Conditional GAN ​​(cGAN) Atrous Convolution (AC) Channel Attention with Weighted Blocks (CAW).

This paper proposes a breast tumor segmentation and classification method for ultrasound images (cGAN AC CAW) based on deep adversarial learning. Although the paper was proposed in 2019, he proposed a method of using GAN for segmentation at that time It is a very novel idea. The paper basically integrated all the technologies that could be integrated at the time, and achieved very good results, so it is very worth reading. In addition, the paper also proposed a SSIM of typical adversarial loss and l1 norm loss as loss function.

Semantic segmentation using cGAN AC CAW

Recommended paper: Segmentation and classification of breast tumors in ultrasound images based on deep adversarial learning

Generator G

The generator network contains an encoder part : Consists of seven convolutional layers (En1 to En7) and a decoder: seven deconvolutional layers (Dn1 to Dn7).

Insert an atrous convolution block between En3 and En4. Dilation ratios 1, 6 and 9, kernel size 3×3, stride 2.

There is also a channel attention layer with channel weighting (CAW) block between En7 and Dn1.

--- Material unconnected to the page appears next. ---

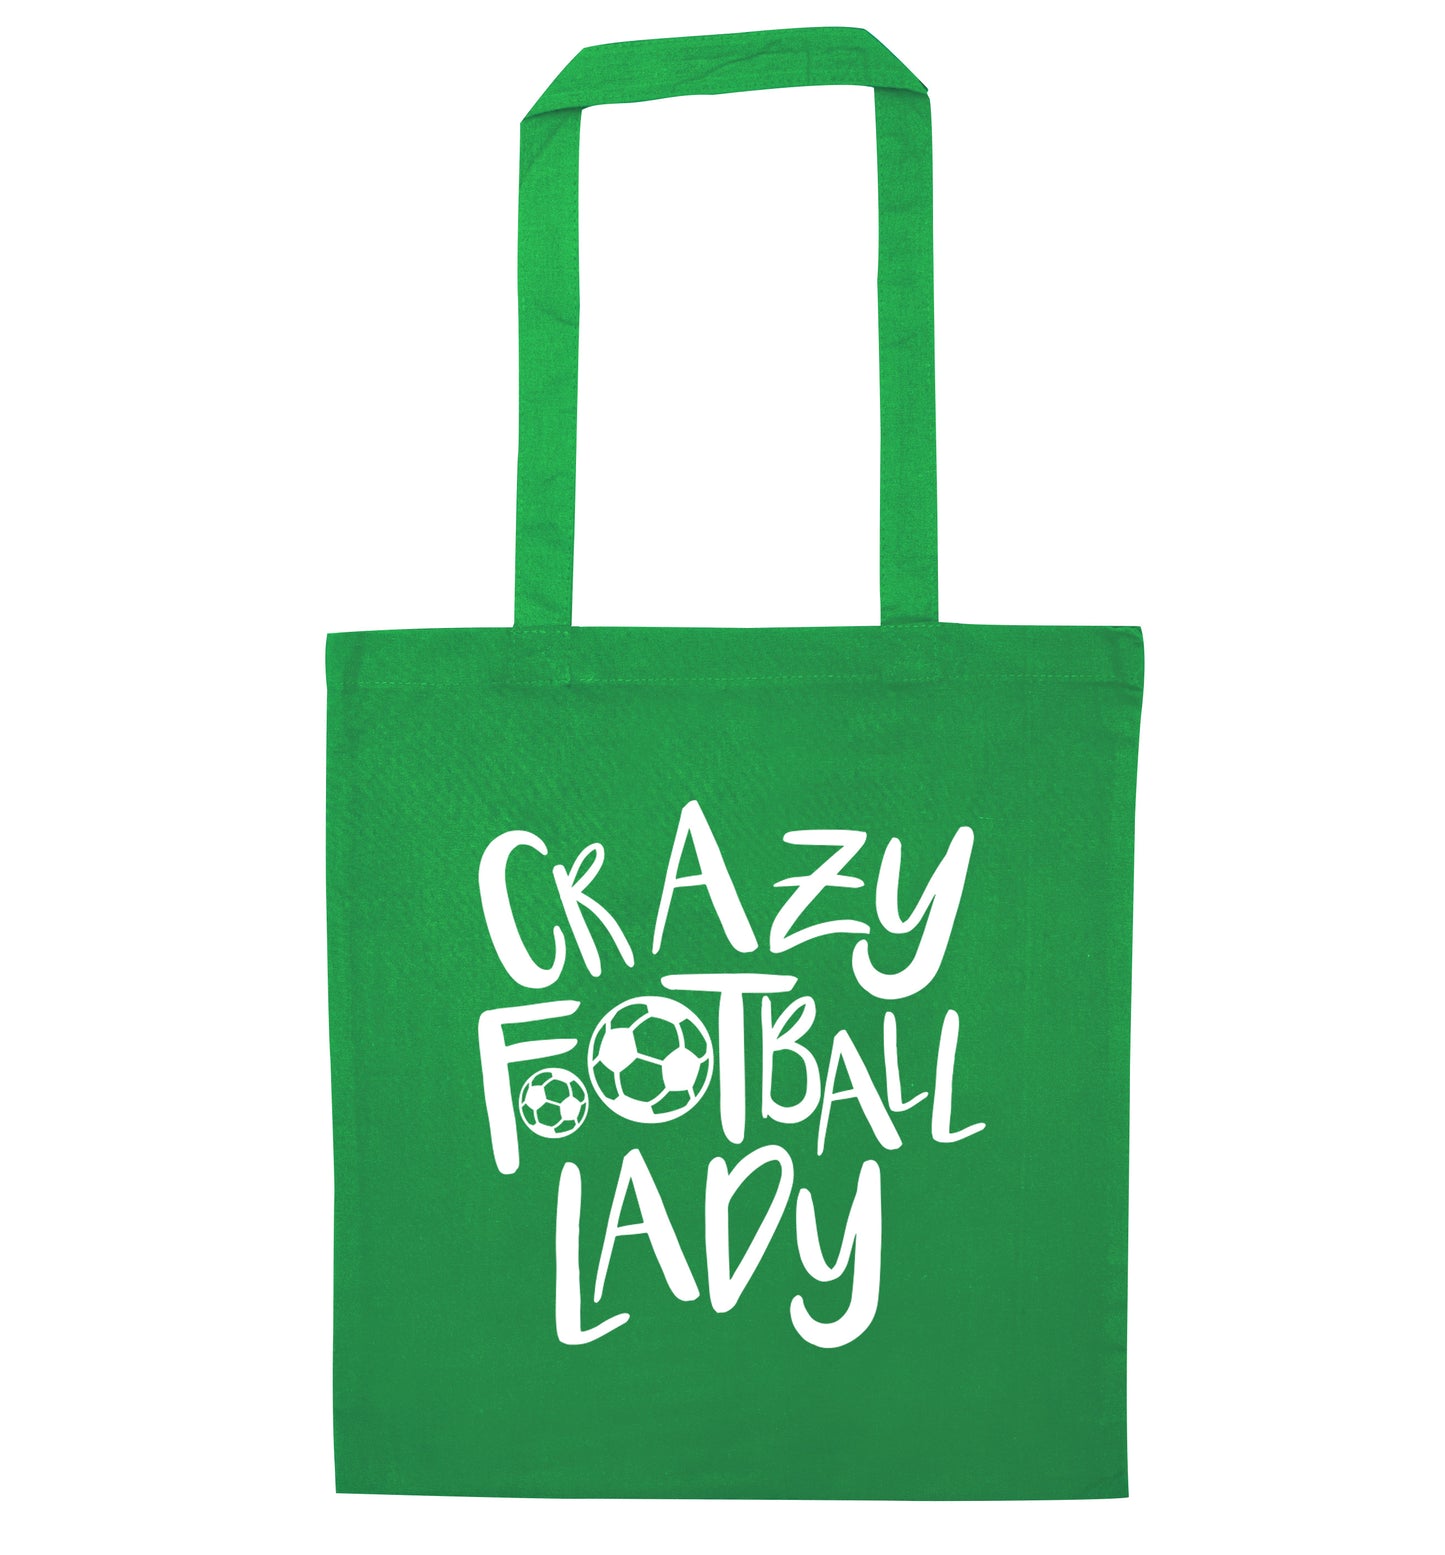 Crazy football lady green tote bag
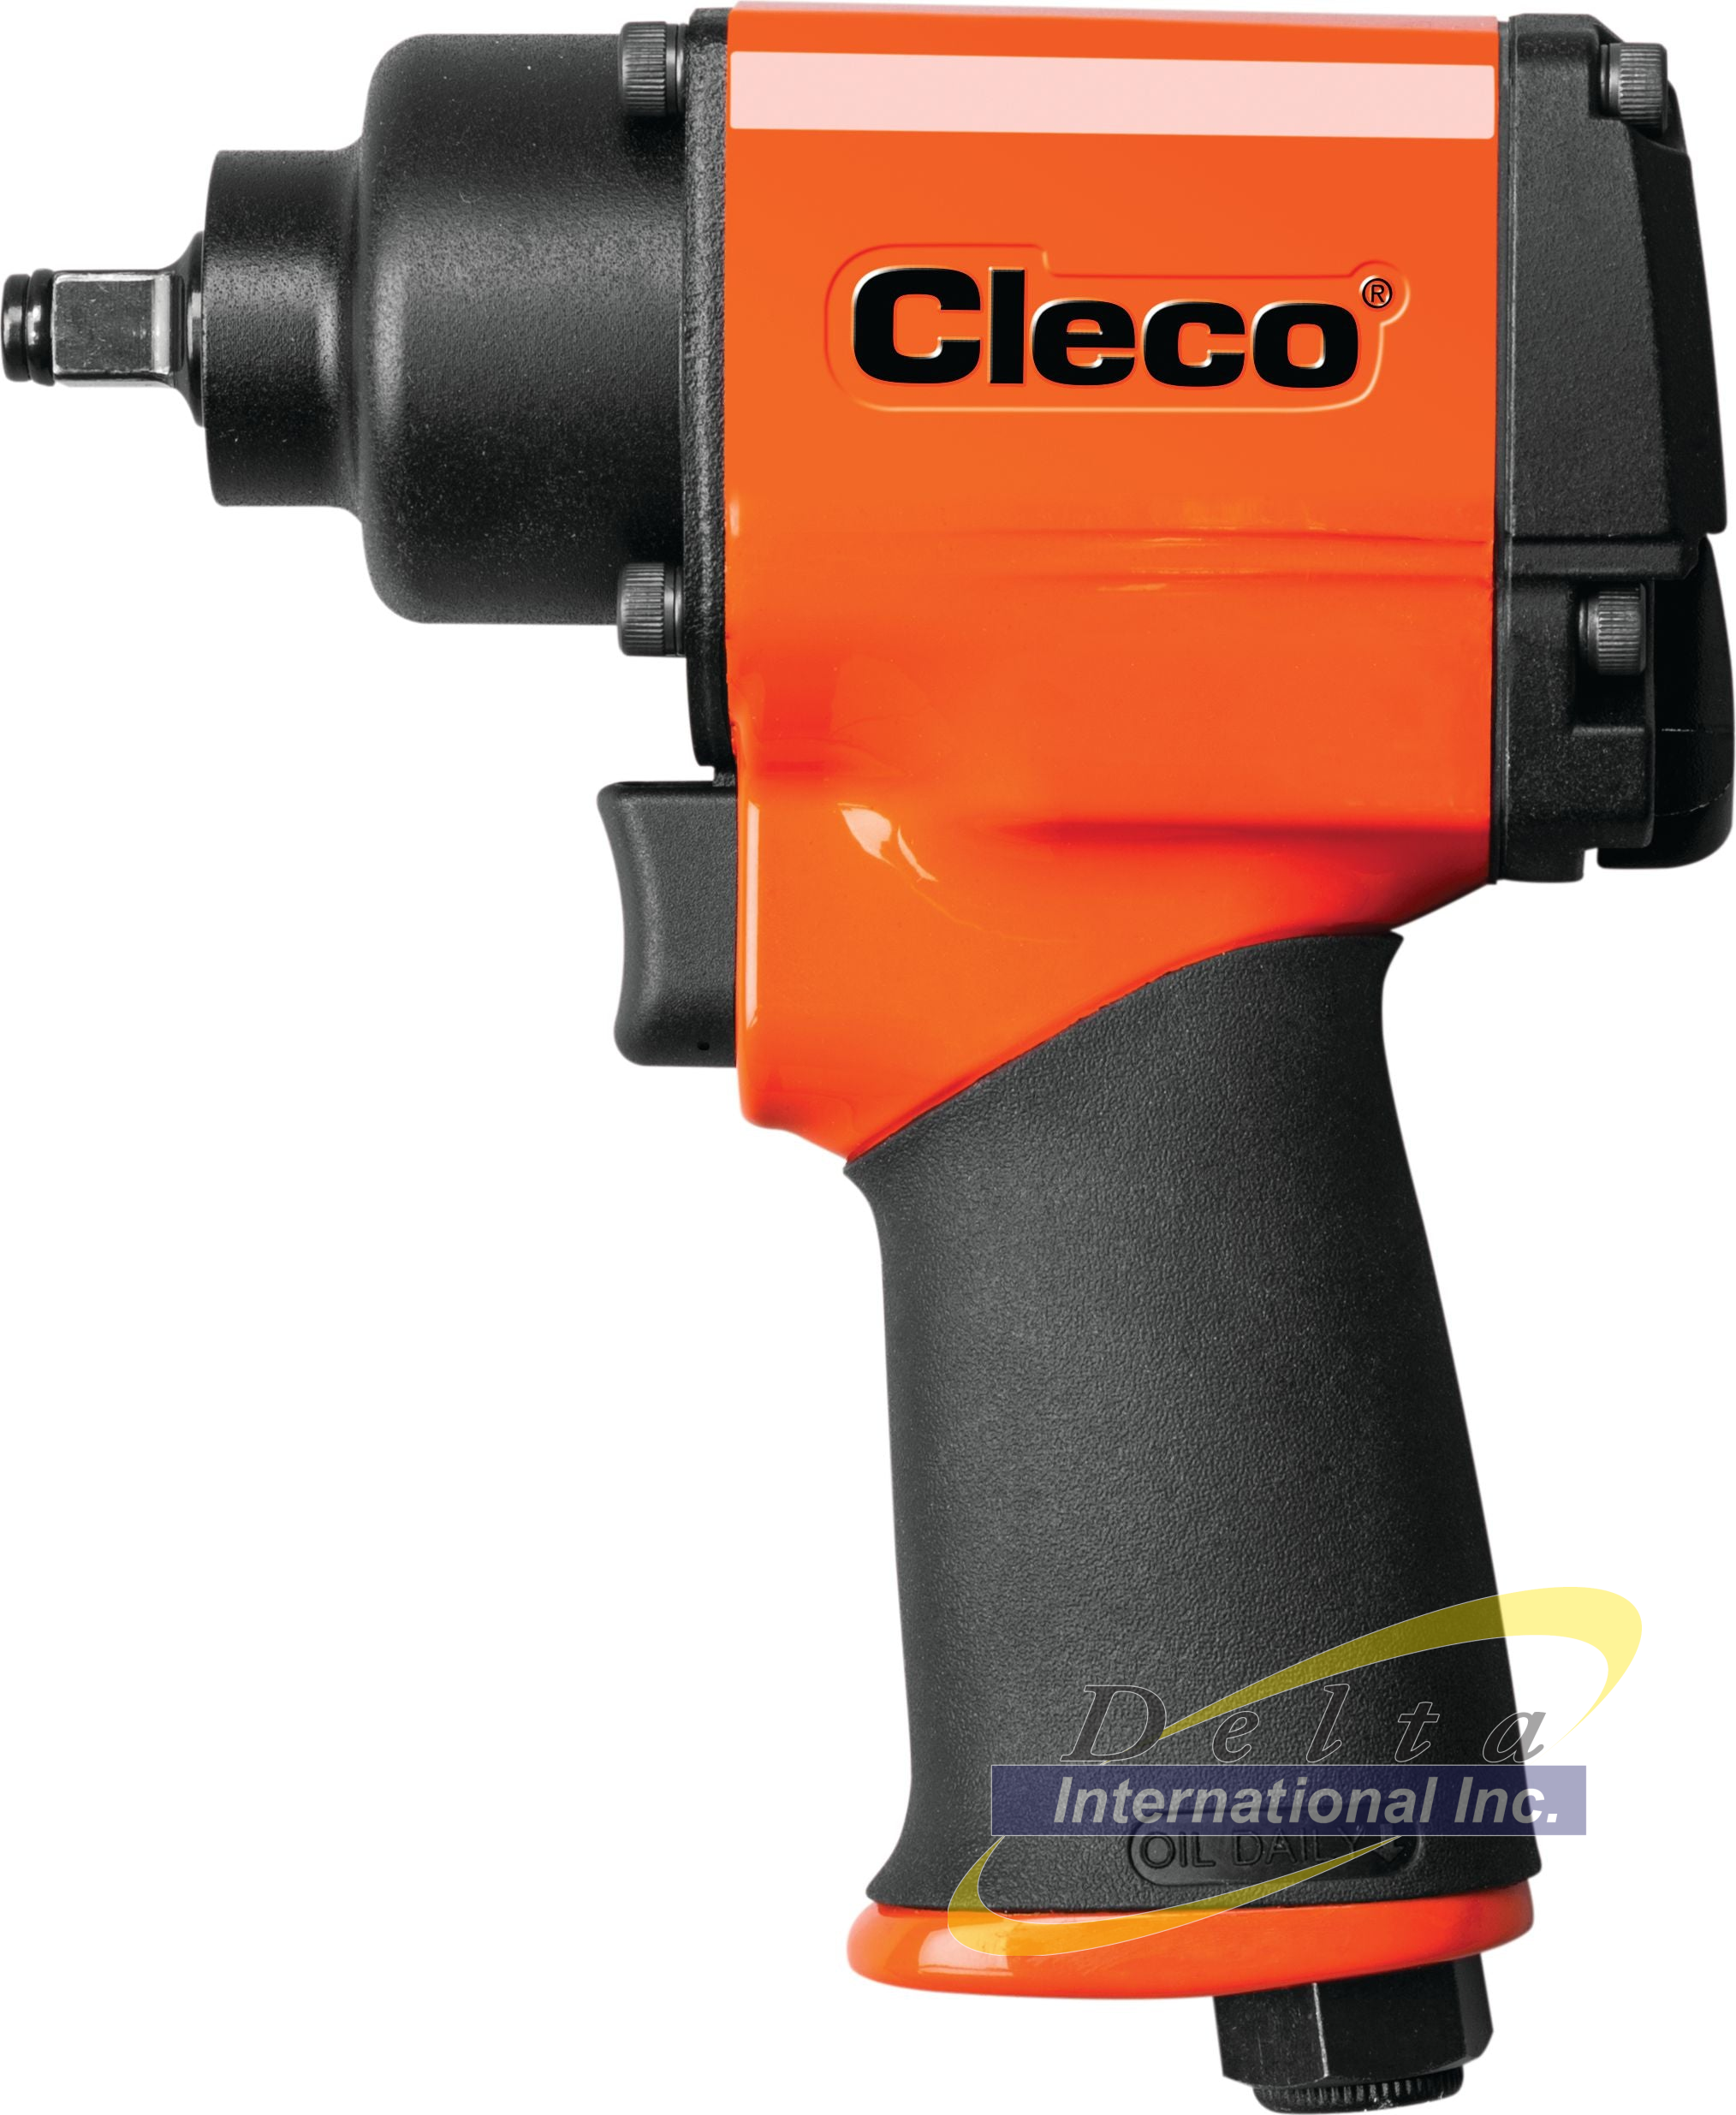 Cleco CWM-750P - CWM Metal Housing Series Impact Wrench

CAW block is a collection of channel attention module (DAN) and channel weighting block (SENet), which increases the representation ability of the highest level features of the generator network.

Discriminator D

It is a sequence of convolutional layers.

The input to the discriminator is a concatenation of the image and a binary mask marking the tumor region.

The output of the discriminator is a 10×10 matrix with values ​​ranging from 0.0 (completely fake) to 1.0 (real).

Loss function

The loss function of generator G consists of three terms: adversarial loss (binary cross-entropy loss), l1-norm to promote the learning process and improve segmentation mask boundaries SSIM loss of shape:

Recommended paper: Segmentation and classification of breast tumors in ultrasound images based on deep adversarial learning

#where z is a random variable. The loss function of discriminator D is:

Recommended paper: Segmentation and classification of breast tumors in ultrasound images based on deep adversarial learning

Use random forest for classification task

Enter each image into the trained Generate a network, obtain the tumor boundary, and then calculate 13 statistical features from this boundary: fractal dimension, lacunarity, convex hull, convexity, circularity, area, perimeter, centroid, minor and major axis length, smoothness, Hu moments (6) and central moments (order 3 and below)

uses exhaustive feature selection (Exhaustive feature selection) algorithm to select the optimal feature set. The EFS algorithm shows that fractal dimension, lacunarity, convex hull, and centroid are the four optimal features.

These selected features are fed into a random forest classifier, which is then trained to distinguish between benign and malignant tumors.

Result Comparison

Segmentation

The data set contains 150 malignant tumors and 100 benign tumors contained in the image. For training the model, the data set was randomly divided into training set (70%), validation set (10%) and test set (20%).

Recommended paper: Segmentation and classification of breast tumors in ultrasound images based on deep adversarial learning

This model (cGAN AC CAW) outperforms other models on all metrics. Its Dice and IoU scores are 93.76% and 88.82% respectively.

Recommended paper: Segmentation and classification of breast tumors in ultrasound images based on deep adversarial learning

Box plot comparison of IoU and Dice of the paper model with segmentation heads such as FCN, SegNet, ERFNet and U-Net.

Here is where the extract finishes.